After a casual glance around, it came to my attention that Boomer was checking me out. He was sitting like most cocky men do—legs wide apart and one arm over the back of his chair. Something had certainly caught his attention over here, and it wasn’t the décor. Maybe the prospect of competition. Or maybe he was curious how easily influenced I was—a quality that probably made his job easier.
I lifted the drink. “I was born for adventure.” When I tilted the flask, the moonshine shot down the wrong pipe. Either that or it burned a hole through my esophagus. After a fit of coughing, I shoved it back in his hands. “That’s awful!”
“Yeah,” he agreed, screwing the cap back on. “My uncle makes decent money from his friends, and I get a free jug whenever I want.”
“What the hell would you want with a whole jug?”
He grinned. “Strips the paint right off my brushes.”

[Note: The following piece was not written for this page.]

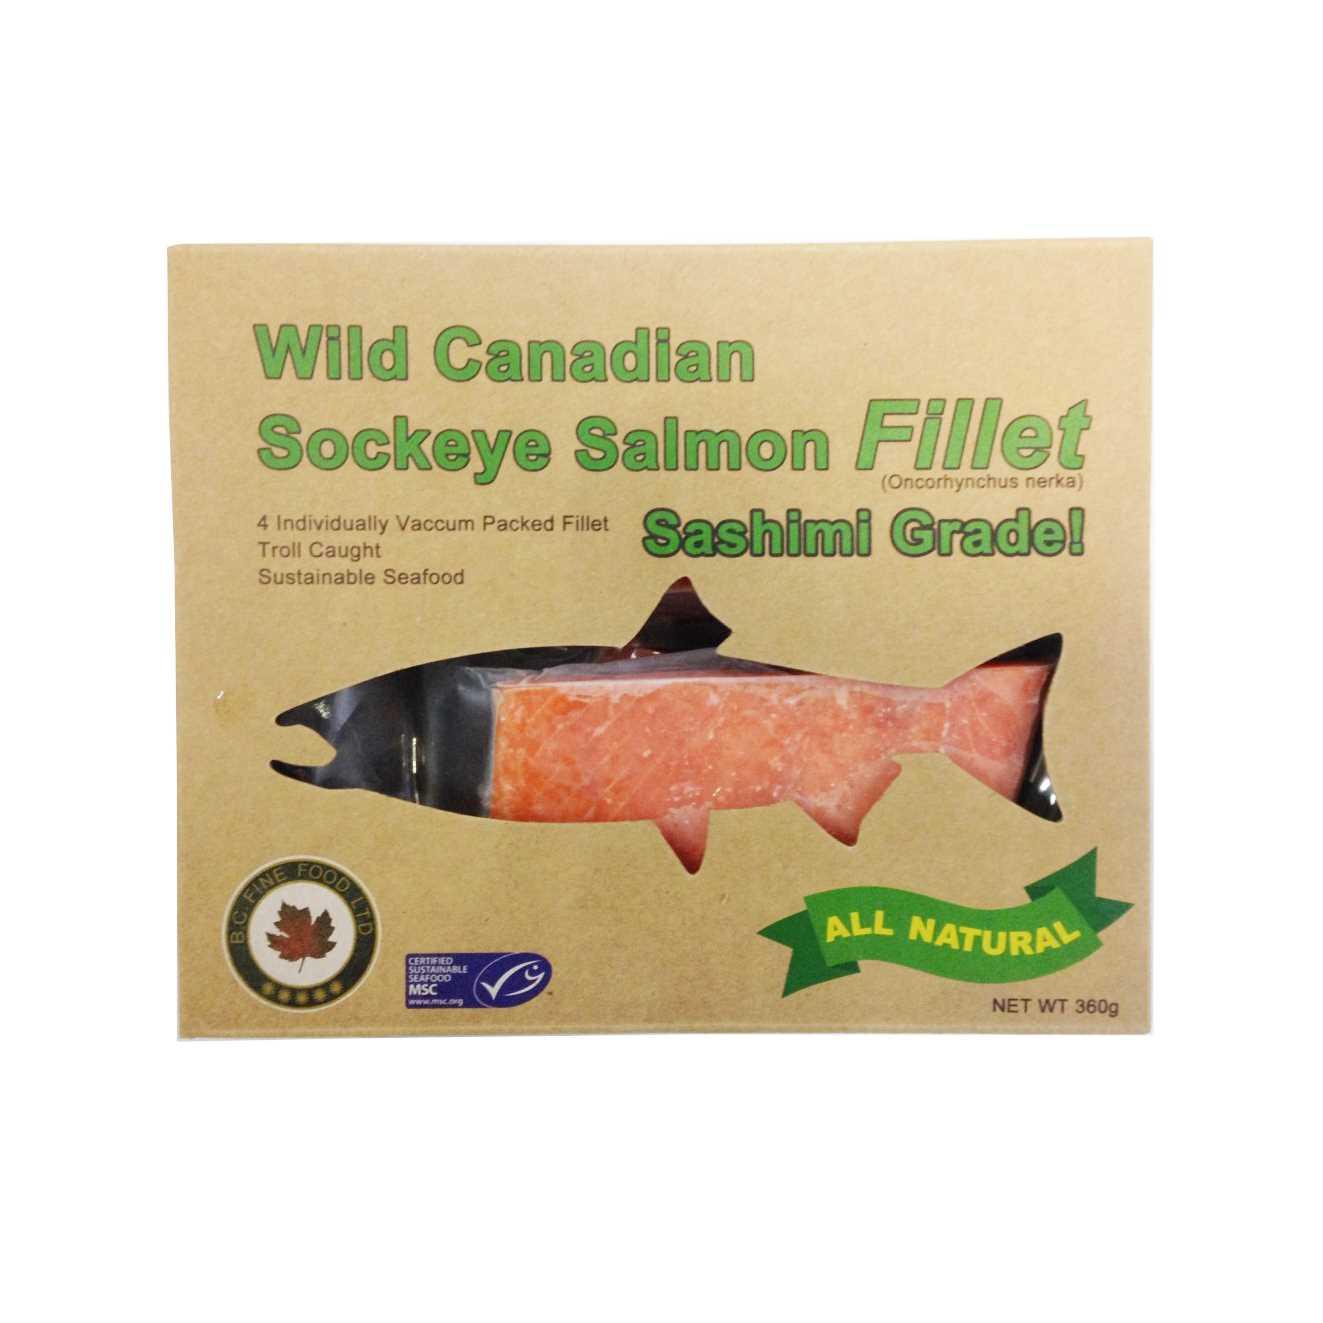 Wild Canadian 加拿大天然野生三文魚
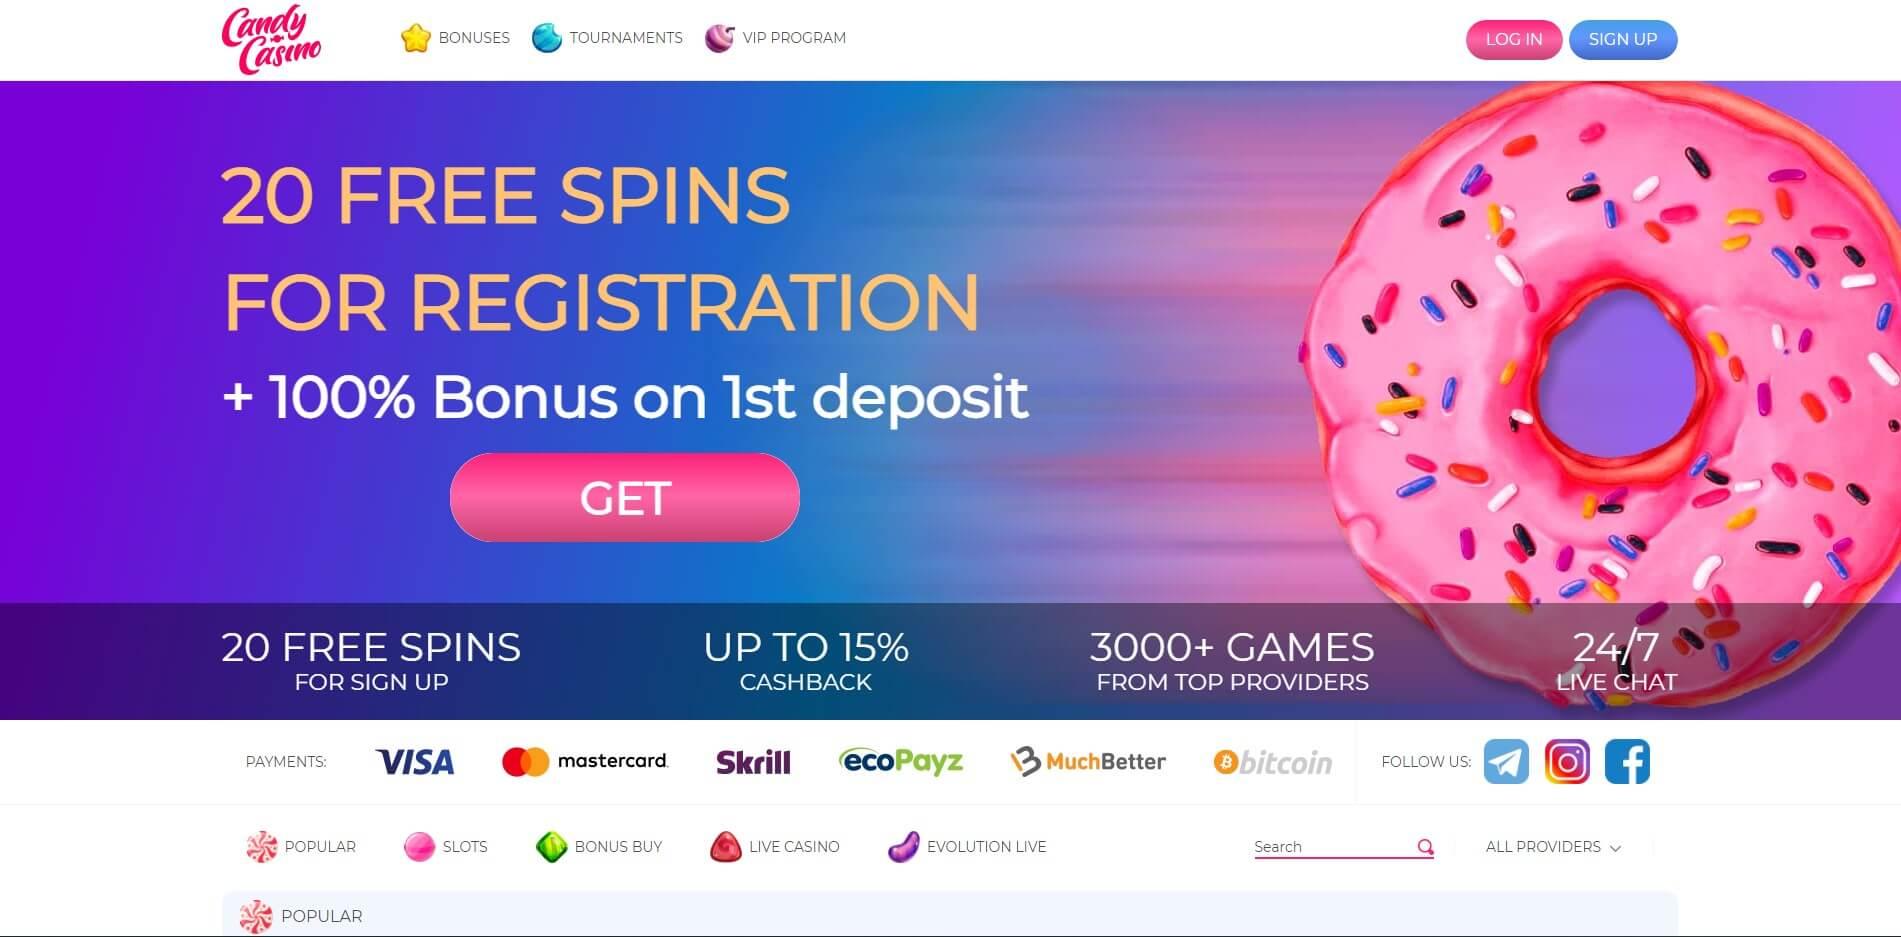 candy.casino - Website Review

“That’s a bottle of bad life choices.”
“I don’t believe in bad decisions,” he said matter-of-factly.
Intrigued, I swiveled toward him with my feet anchored on the footrest of my stool. “If you danced naked on the bar and went to jail, you don’t think that would be a bad decision?”
He screwed the lid onto his flask and tucked it back in his coat. “What if I met my soul mate because of it? She might be one of the guards at the jail, and it’s love at first sight.”